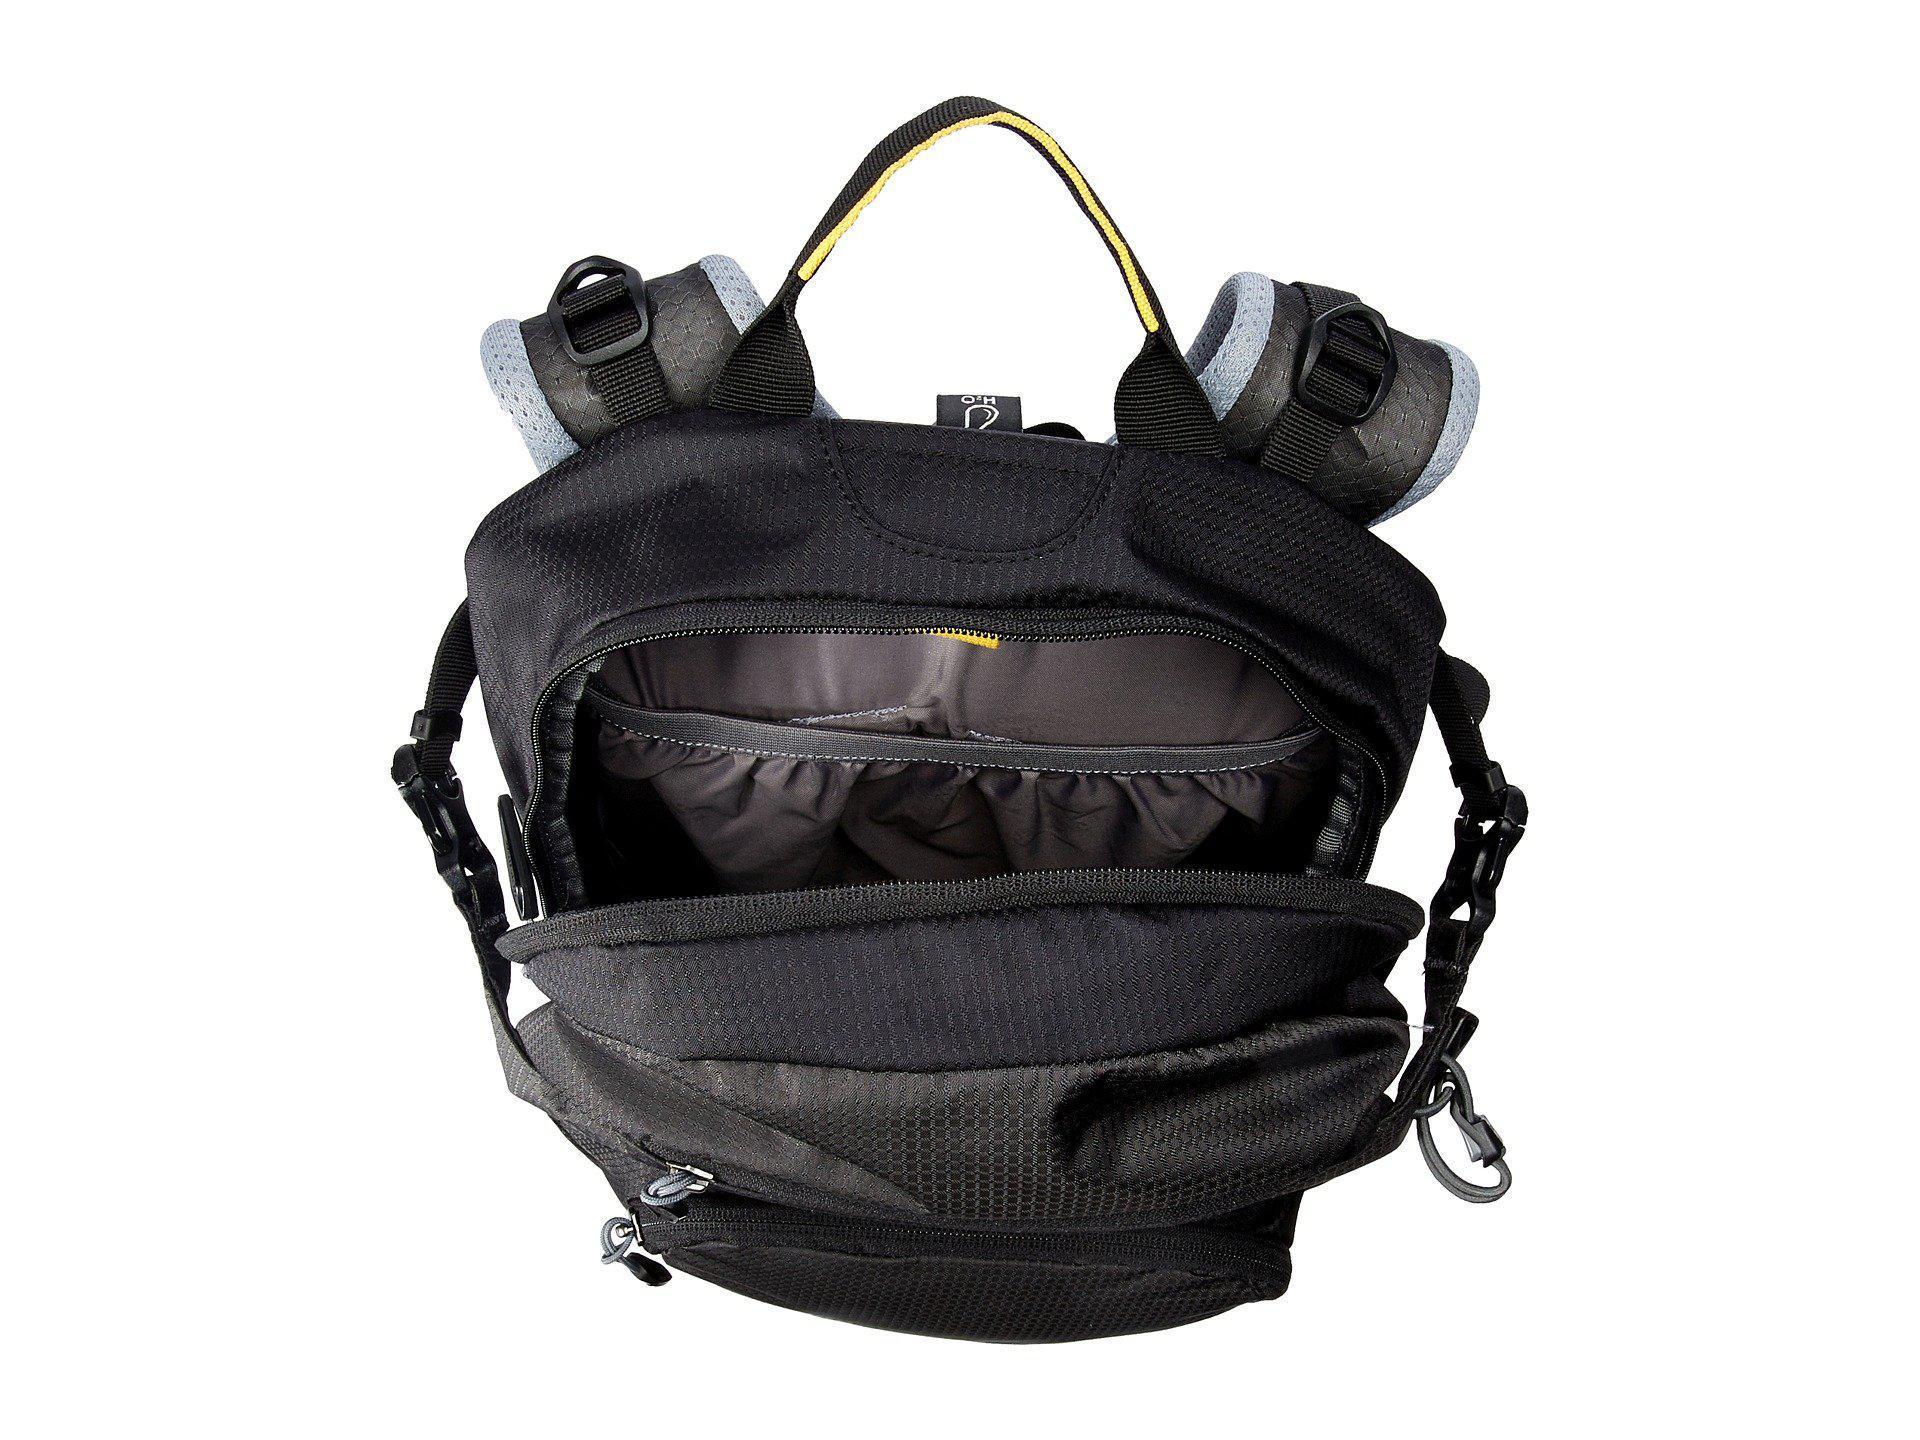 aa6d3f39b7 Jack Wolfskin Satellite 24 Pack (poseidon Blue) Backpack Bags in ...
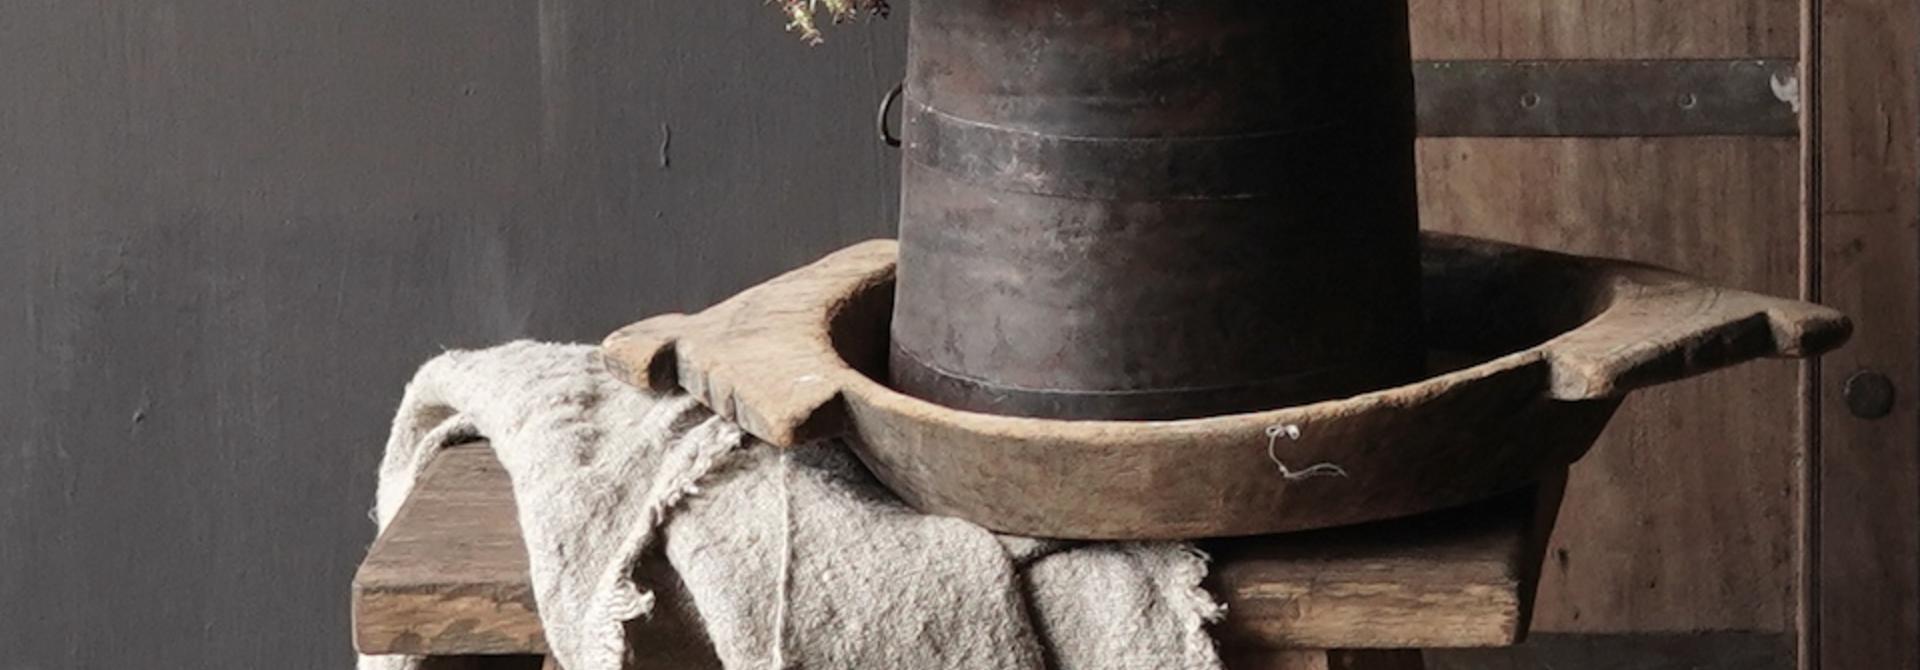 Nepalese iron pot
==
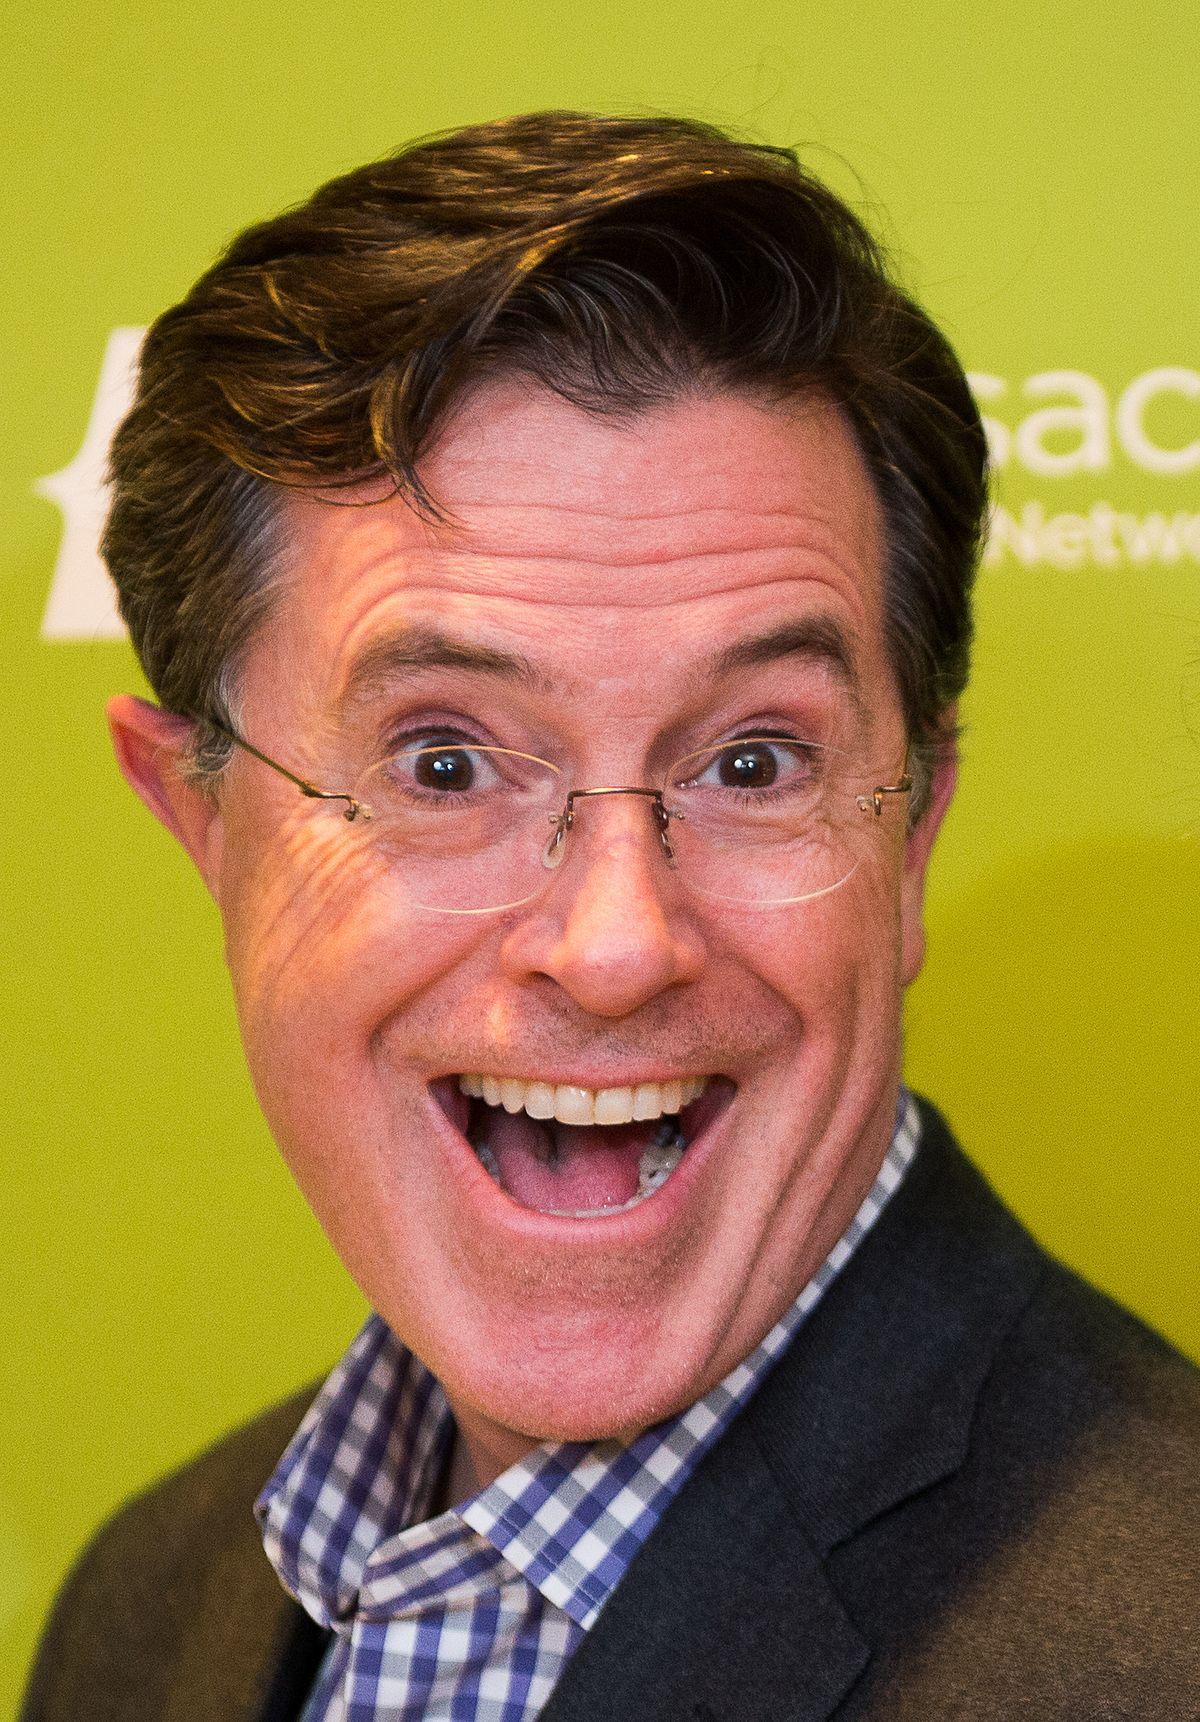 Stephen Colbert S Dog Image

**Task directions**
Find the line with "aa6d3f39b7 Jack Wolfskin" and the line with "Nepalese iron pot" in the records above. Copy both and all lines between them exactly, without pictures.

**Result for this exercise**
 aa6d3f39b7 Jack Wolfskin Satellite 24 Pack (poseidon Blue) Backpack Bags in ...
 Nepalese iron pot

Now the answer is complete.